VOTERS FOR FAULT-TOLERANT COMPUTER SYSTEMS This invention relates to a hardware voter for use in a fault-tolerant computer system.
There is an increasing awareness of the need to make computer systems resilient so that an acceptable level of service can be maintained in the presence of one or more faults. Applications where some fault tolerance is desirable or essential include, for example, array processors, flight guidance systems and process control systems. When an application must keep running with only a minimal performance degradation despite the presence of faults in the computer system, there is implied substantial parallelism and redundancy in the computer system. Triplication of the computer system enables the masking of any single point of failure, and higher levels of protection can be achieved at proportionally greater costs by increasing the redundancy still further.
Software techniques can be used to make a system fault-tolerant without requiring substantial redundancy in the hardware. These techniques unfortunately require so significant an overhead that performance may be affected to such an extent as to be unacceptable for a real-time application where time-critical processes are being handled. As a consequence, for such applications it is generally necessary to employ parallel processing on separate processors of multiple copies of the program code and then to use a voting algorithm to determine an agreed result. Such software voting algorithms necessarily involve a substantial communications overhead between the processors operating in parallel, and this significantly reduces the performance, as compared to a non-parallel system.Moreover, should a fault arise, alternative message routing will thereafter be required to by-pass the faulty processor, and this will result in quite different path times for the parallel channels. The consequence is that messages will be arriving out of synchronism and these must be sorted before further voting can take place.

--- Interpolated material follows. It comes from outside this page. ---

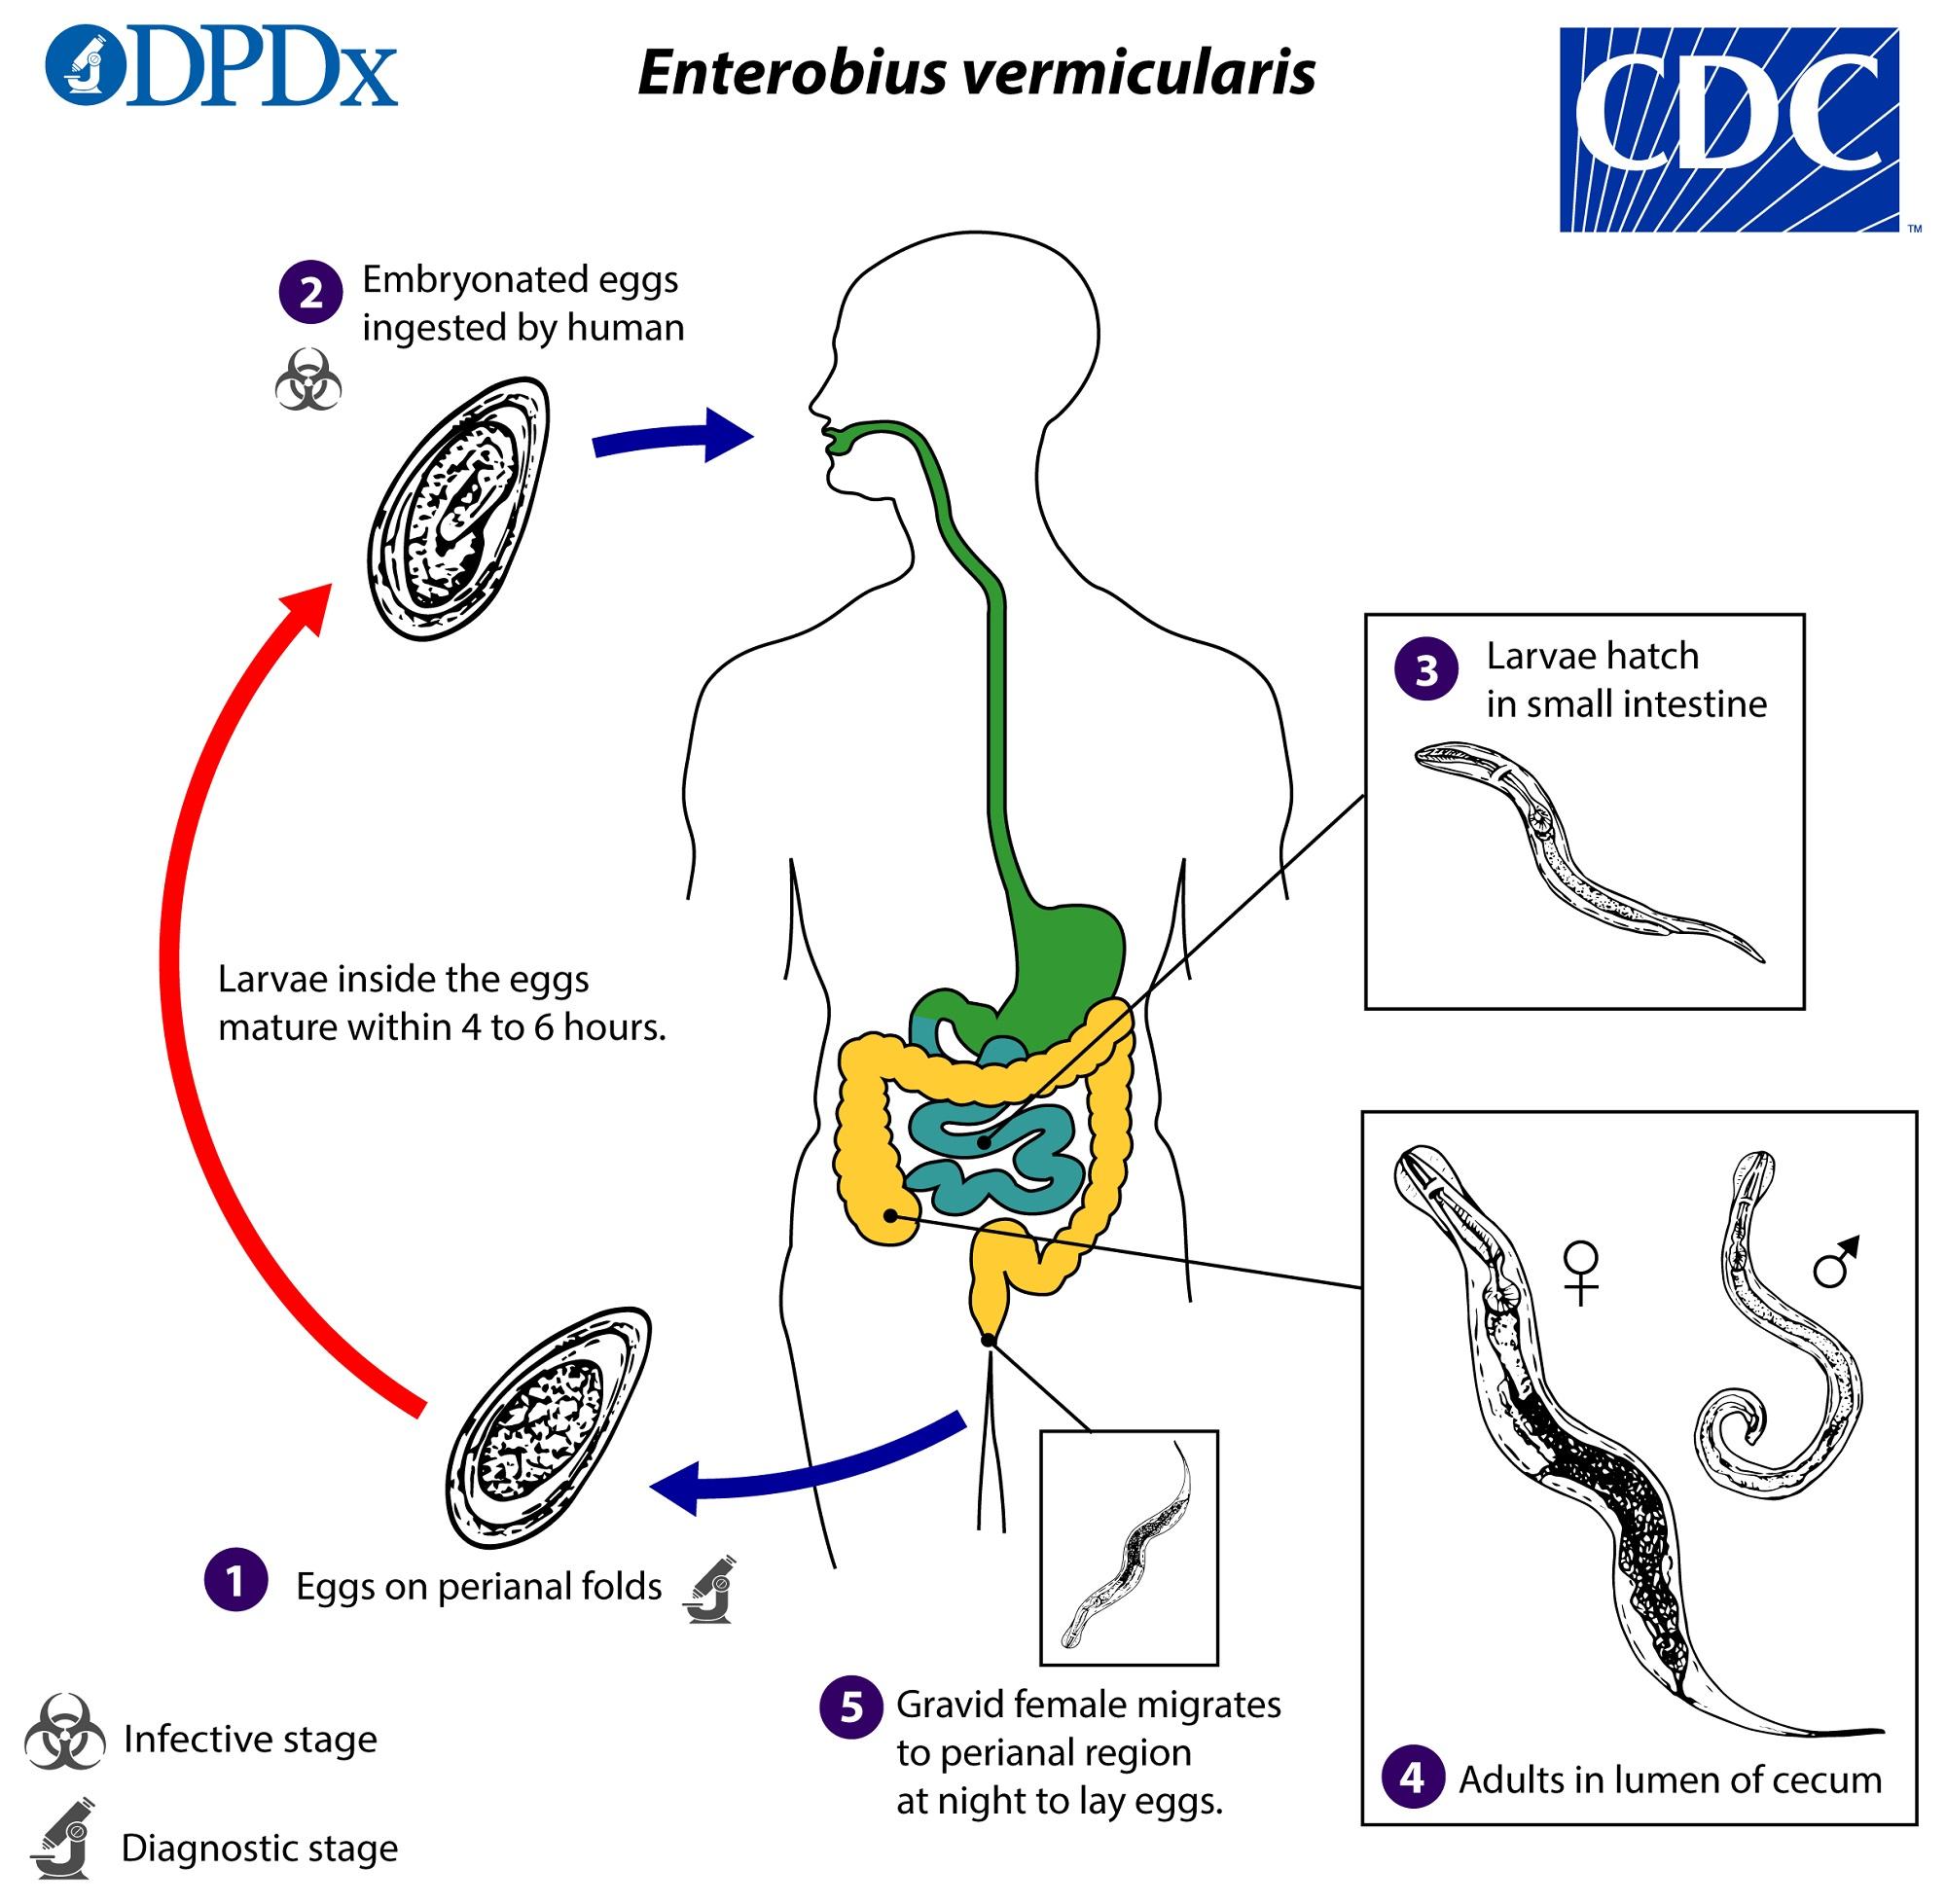 Enterobius vermicularis (Gombféreg)

It is a principal aim of the present invention to provide a hardware voter for use in a fault-tolerant computer system, which voter overcomes the disadvantages discussed above of the known voting techniques as currently employed in parallel processing systems.
Accordingly, this invention provides a hardware voter for use in a fault-tolerant computer system, which voter comprises at least three buffers each arranged to receive a separate incoming digital signal from each of a like number of slice-wide processing channels which are permitted to operate asynchronously, a voting circuit arranged to receive at the same time one slice from each of the buffers and to provide an output slice determined on the basis of the majority of the received slices, and a control circuit adapted to control the supply of slices to the voting circuit from the buffers and to render inactive the buffer of a channel should the received slice therefrom disagree with the received slices of the other channels.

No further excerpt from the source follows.